> **Task goal**: Leave every entry as it is and write the data out in full.

--------

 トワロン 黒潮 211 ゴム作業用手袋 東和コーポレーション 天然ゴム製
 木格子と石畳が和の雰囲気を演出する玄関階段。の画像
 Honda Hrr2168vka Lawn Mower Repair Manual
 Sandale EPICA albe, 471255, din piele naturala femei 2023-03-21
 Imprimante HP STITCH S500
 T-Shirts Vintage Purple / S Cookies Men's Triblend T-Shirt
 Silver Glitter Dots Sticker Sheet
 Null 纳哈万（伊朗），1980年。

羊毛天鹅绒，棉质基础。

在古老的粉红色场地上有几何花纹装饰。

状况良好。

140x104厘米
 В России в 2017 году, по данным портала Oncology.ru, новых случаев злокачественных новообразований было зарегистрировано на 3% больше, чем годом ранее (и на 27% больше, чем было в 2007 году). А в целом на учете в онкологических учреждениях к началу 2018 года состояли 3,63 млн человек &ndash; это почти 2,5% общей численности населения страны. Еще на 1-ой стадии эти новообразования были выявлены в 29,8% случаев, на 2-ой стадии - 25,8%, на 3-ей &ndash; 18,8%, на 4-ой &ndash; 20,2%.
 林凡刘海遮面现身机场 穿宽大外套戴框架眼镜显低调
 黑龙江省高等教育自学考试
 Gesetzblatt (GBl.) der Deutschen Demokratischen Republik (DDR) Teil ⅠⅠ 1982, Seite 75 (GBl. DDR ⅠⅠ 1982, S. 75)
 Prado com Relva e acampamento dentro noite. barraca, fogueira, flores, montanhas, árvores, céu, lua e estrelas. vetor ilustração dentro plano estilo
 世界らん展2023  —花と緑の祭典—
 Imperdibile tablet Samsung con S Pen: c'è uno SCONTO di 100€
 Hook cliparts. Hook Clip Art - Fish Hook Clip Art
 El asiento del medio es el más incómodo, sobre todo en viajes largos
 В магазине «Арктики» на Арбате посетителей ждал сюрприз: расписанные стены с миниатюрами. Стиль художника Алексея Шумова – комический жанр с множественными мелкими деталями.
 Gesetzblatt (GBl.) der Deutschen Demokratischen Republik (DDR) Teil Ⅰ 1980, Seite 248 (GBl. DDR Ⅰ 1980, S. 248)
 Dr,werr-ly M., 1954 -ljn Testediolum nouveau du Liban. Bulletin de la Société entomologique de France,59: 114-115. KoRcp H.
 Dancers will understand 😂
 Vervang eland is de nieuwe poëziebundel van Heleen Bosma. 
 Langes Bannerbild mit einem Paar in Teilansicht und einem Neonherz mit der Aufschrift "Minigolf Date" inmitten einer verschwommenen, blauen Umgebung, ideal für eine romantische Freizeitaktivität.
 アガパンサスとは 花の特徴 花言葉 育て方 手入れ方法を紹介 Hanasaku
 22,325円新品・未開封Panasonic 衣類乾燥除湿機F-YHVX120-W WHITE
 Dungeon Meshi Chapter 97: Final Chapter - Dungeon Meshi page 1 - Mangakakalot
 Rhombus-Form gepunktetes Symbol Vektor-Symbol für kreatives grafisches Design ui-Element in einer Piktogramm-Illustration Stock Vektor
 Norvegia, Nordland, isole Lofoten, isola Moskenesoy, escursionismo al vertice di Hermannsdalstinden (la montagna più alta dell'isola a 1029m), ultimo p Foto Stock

--------

> **Exercise response**:
 トワロン 黒潮 211 ゴム作業用手袋 東和コーポレーション 天然ゴム製
 木格子と石畳が和の雰囲気を演出する玄関階段。の画像
 Honda Hrr2168vka Lawn Mower Repair Manual
 Sandale EPICA albe, 471255, din piele naturala femei 2023-03-21
 Imprimante HP STITCH S500
 T-Shirts Vintage Purple / S Cookies Men's Triblend T-Shirt
 Silver Glitter Dots Sticker Sheet
 Null 纳哈万（伊朗），1980年。

羊毛天鹅绒，棉质基础。

在古老的粉红色场地上有几何花纹装饰。

状况良好。

140x104厘米
 В России в 2017 году, по данным портала Oncology.ru, новых случаев злокачественных новообразований было зарегистрировано на 3% больше, чем годом ранее (и на 27% больше, чем было в 2007 году). А в целом на учете в онкологических учреждениях к началу 2018 года состояли 3,63 млн человек &ndash; это почти 2,5% общей численности населения страны. Еще на 1-ой стадии эти новообразования были выявлены в 29,8% случаев, на 2-ой стадии - 25,8%, на 3-ей &ndash; 18,8%, на 4-ой &ndash; 20,2%.
 林凡刘海遮面现身机场 穿宽大外套戴框架眼镜显低调
 黑龙江省高等教育自学考试
 Gesetzblatt (GBl.) der Deutschen Demokratischen Republik (DDR) Teil ⅠⅠ 1982, Seite 75 (GBl. DDR ⅠⅠ 1982, S. 75)
 Prado com Relva e acampamento dentro noite. barraca, fogueira, flores, montanhas, árvores, céu, lua e estrelas. vetor ilustração dentro plano estilo
 世界らん展2023  —花と緑の祭典—
 Imperdibile tablet Samsung con S Pen: c'è uno SCONTO di 100€
 Hook cliparts. Hook Clip Art - Fish Hook Clip Art
 El asiento del medio es el más incómodo, sobre todo en viajes largos
 В магазине «Арктики» на Арбате посетителей ждал сюрприз: расписанные стены с миниатюрами. Стиль художника Алексея Шумова – комический жанр с множественными мелкими деталями.
 Gesetzblatt (GBl.) der Deutschen Demokratischen Republik (DDR) Teil Ⅰ 1980, Seite 248 (GBl. DDR Ⅰ 1980, S. 248)
 Dr,werr-ly M., 1954 -ljn Testediolum nouveau du Liban. Bulletin de la Société entomologique de France,59: 114-115. KoRcp H.
 Dancers will understand 😂
 Vervang eland is de nieuwe poëziebundel van Heleen Bosma. 
 Langes Bannerbild mit einem Paar in Teilansicht und einem Neonherz mit der Aufschrift "Minigolf Date" inmitten einer verschwommenen, blauen Umgebung, ideal für eine romantische Freizeitaktivität.
 アガパンサスとは 花の特徴 花言葉 育て方 手入れ方法を紹介 Hanasaku
 22,325円新品・未開封Panasonic 衣類乾燥除湿機F-YHVX120-W WHITE
 Dungeon Meshi Chapter 97: Final Chapter - Dungeon Meshi page 1 - Mangakakalot
 Rhombus-Form gepunktetes Symbol Vektor-Symbol für kreatives grafisches Design ui-Element in einer Piktogramm-Illustration Stock Vektor
 Norvegia, Nordland, isole Lofoten, isola Moskenesoy, escursionismo al vertice di Hermannsdalstinden (la montagna più alta dell'isola a 1029m), ultimo p Foto Stock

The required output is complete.